━━━ DATASET EXTRACT

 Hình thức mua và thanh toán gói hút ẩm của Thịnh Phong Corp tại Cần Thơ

━━━━━━
━━━ DATASET EXTRACT

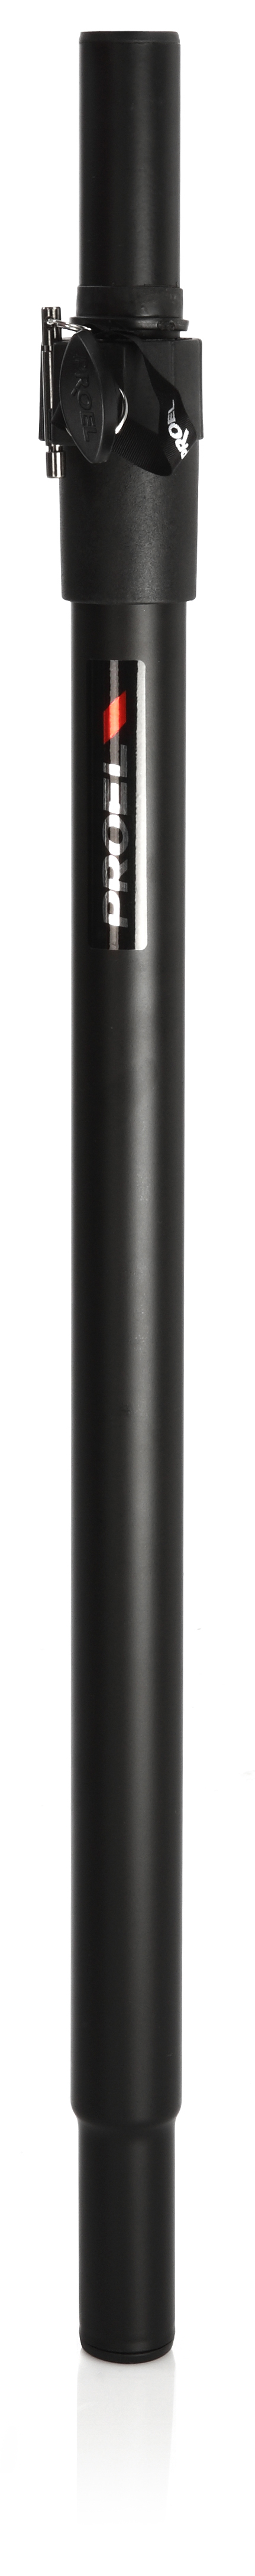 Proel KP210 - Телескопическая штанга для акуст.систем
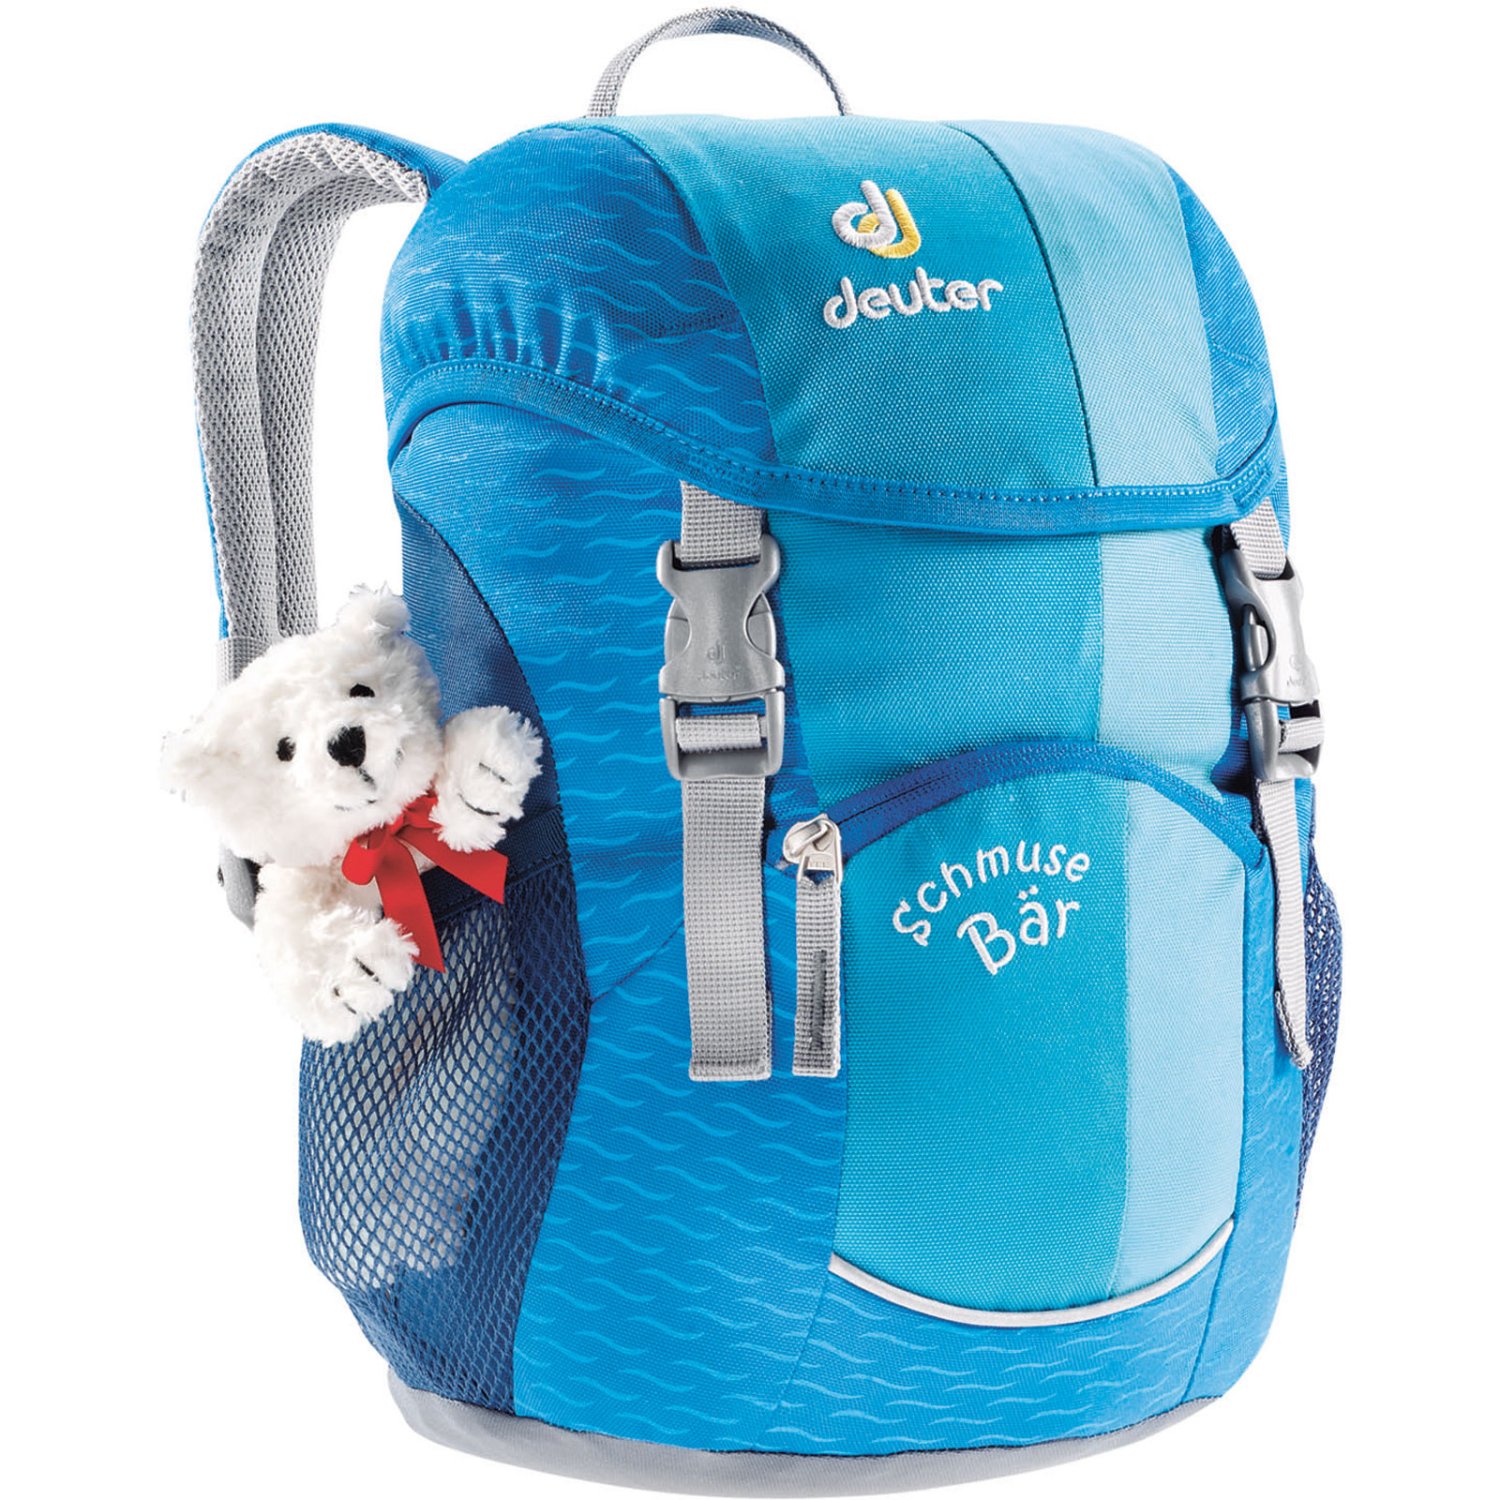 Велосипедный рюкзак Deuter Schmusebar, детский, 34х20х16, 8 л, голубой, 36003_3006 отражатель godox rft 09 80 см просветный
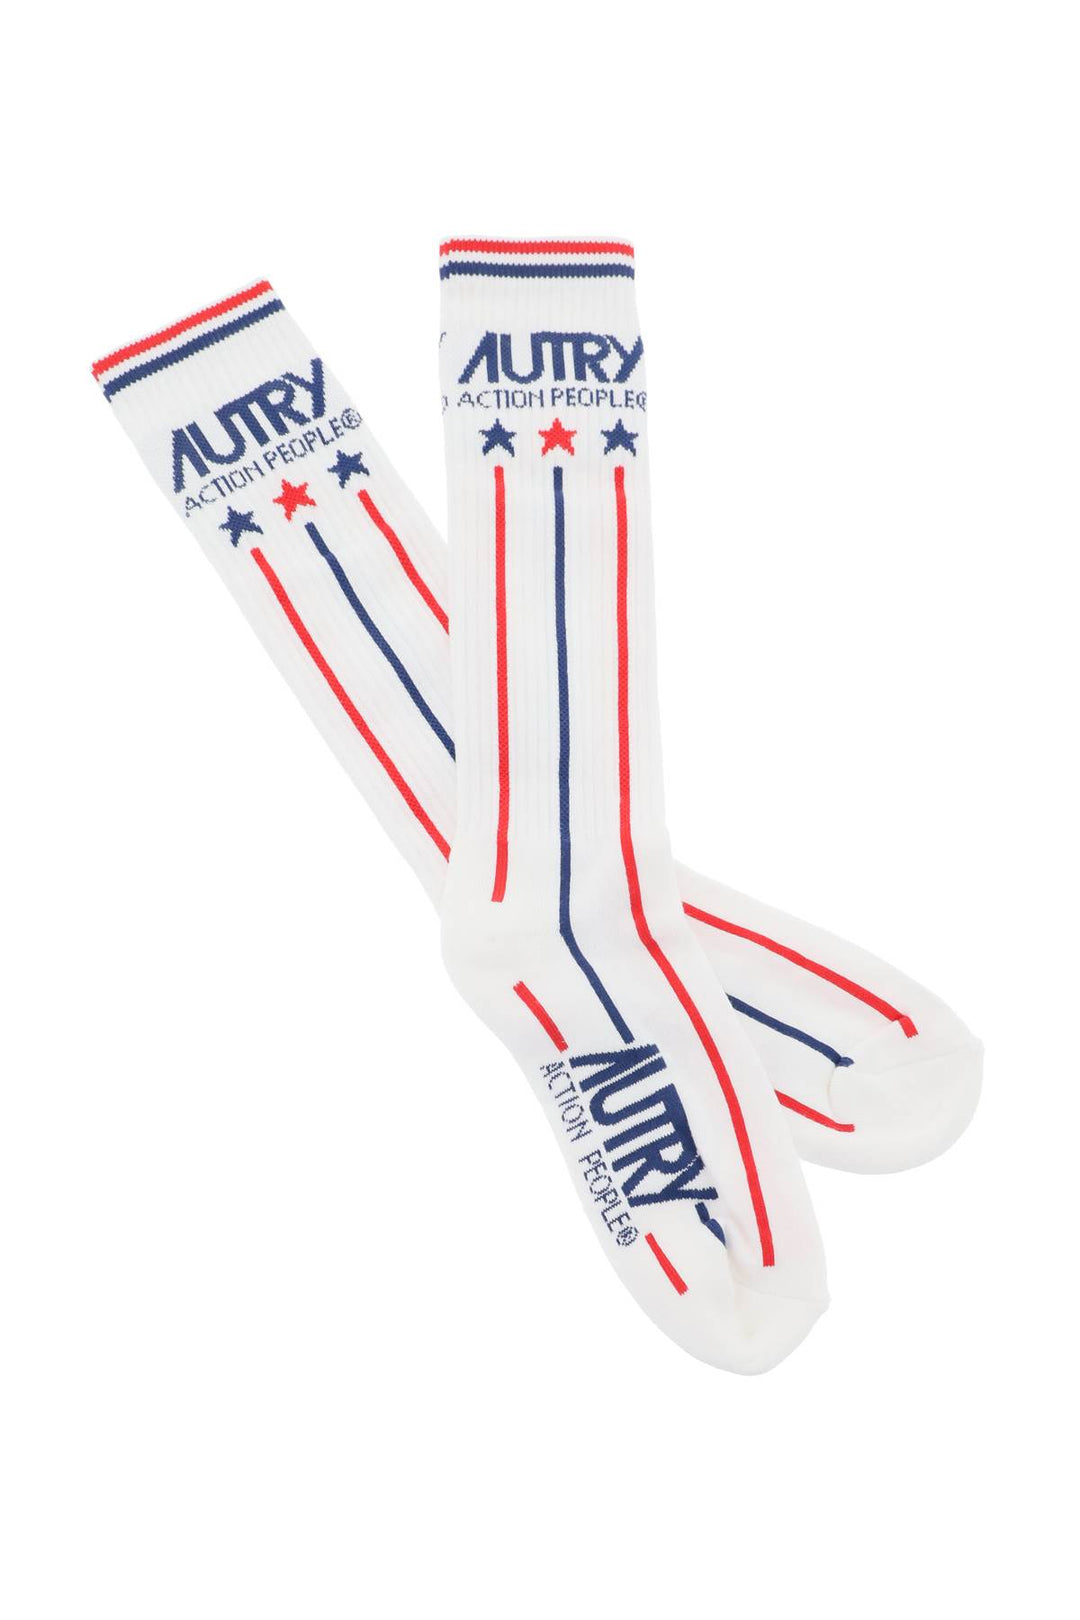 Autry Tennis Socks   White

━━━━━━

▶ _PROBLEM REQUIREMENTS_: Starting at the line above that holds "Proel KP210 - Телескопическая", repeat every line exactly down to and including the line that holds "Autry Tennis Socks", then stop. Do not carry over any pictures.

▶ _ANSWER AREA_:
 Proel KP210 - Телескопическая штанга для акуст.систем
 Велосипедный рюкзак Deuter Schmusebar, детский, 34х20х16, 8 л, голубой, 36003_3006 отражатель godox rft 09 80 см просветный
 Autry Tennis Socks   White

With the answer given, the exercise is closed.